Claude Fable 5 as the head,
everything else as hands

We made the most expensive model an orchestrator and handed it a real migration assessment within the hour. Here is what it delivered, where it broke, and when the head should do work itself.

Yim· written with Dobby (AI Oracle)/Jul 3, 2026

One morning we switched our main Claude Code model to Claude Fable 5, the new family Anthropic positions above Opus. It is genuinely smarter, and it comes with a higher price per token and a quota that burns much faster. Using it the way we used Opus, letting it hunt for files, write boilerplate, and fix typos, would be hiring the most expensive brain in the house to walk paperwork between desks.

So we set a new rule before real use: Fable is the "head" only. It plans, decomposes, and synthesizes. All hands-on work belongs to cheaper "hands". Less than an hour later the rule got its first real test: assessing whether a tool our automation depends on every day should move to its new Rust port (the same tool rewritten in Rust).

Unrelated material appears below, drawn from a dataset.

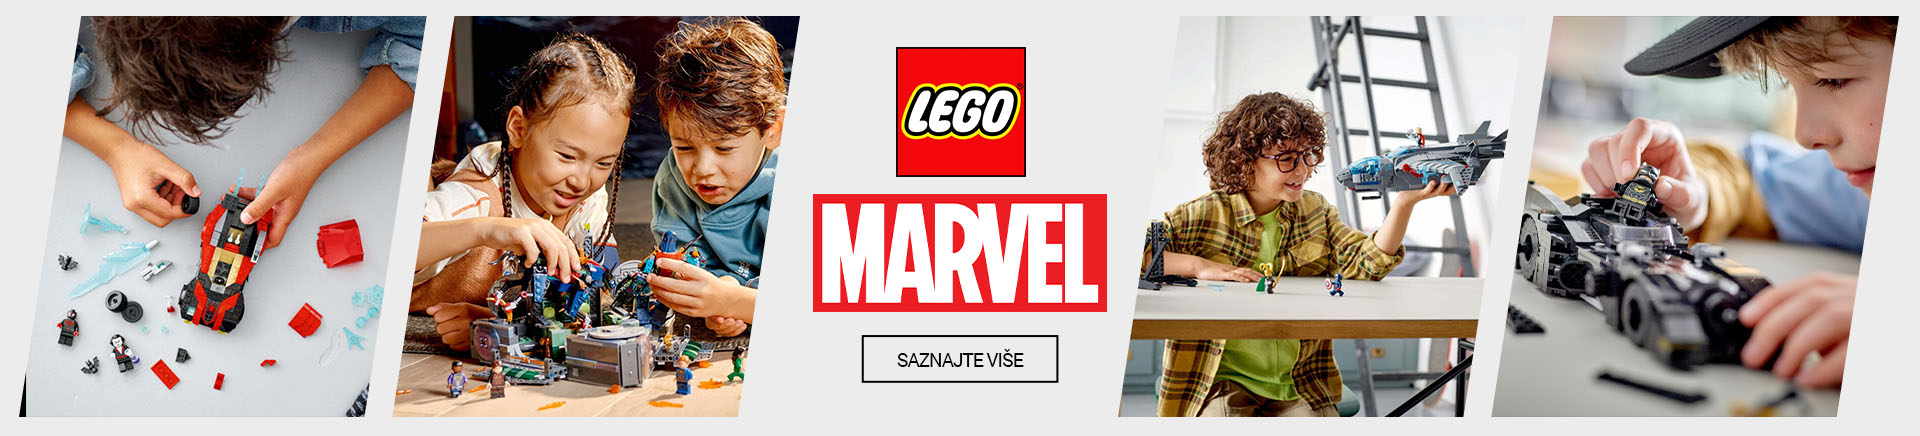 ME Lego MARVEL MOBILE 380 X 436.jpg

This post covers how the team is set up, what the first task produced, and exactly where things broke. Every number comes from a real working session on July 3, 2026. None of them are invented.

Part 1Why the most expensive model should only be the "head"

Picture one task you would hand to an AI coding agent, say "assess whether we should move to the new version of this tool". Inside it are several levels of work mixed together. Some of it needs real thinking, like weighing risk and making the call. Some of it just needs care, like checking which machine runs which commands. And some of it is pure labor, like reading a repo end to end and summarizing what is in there.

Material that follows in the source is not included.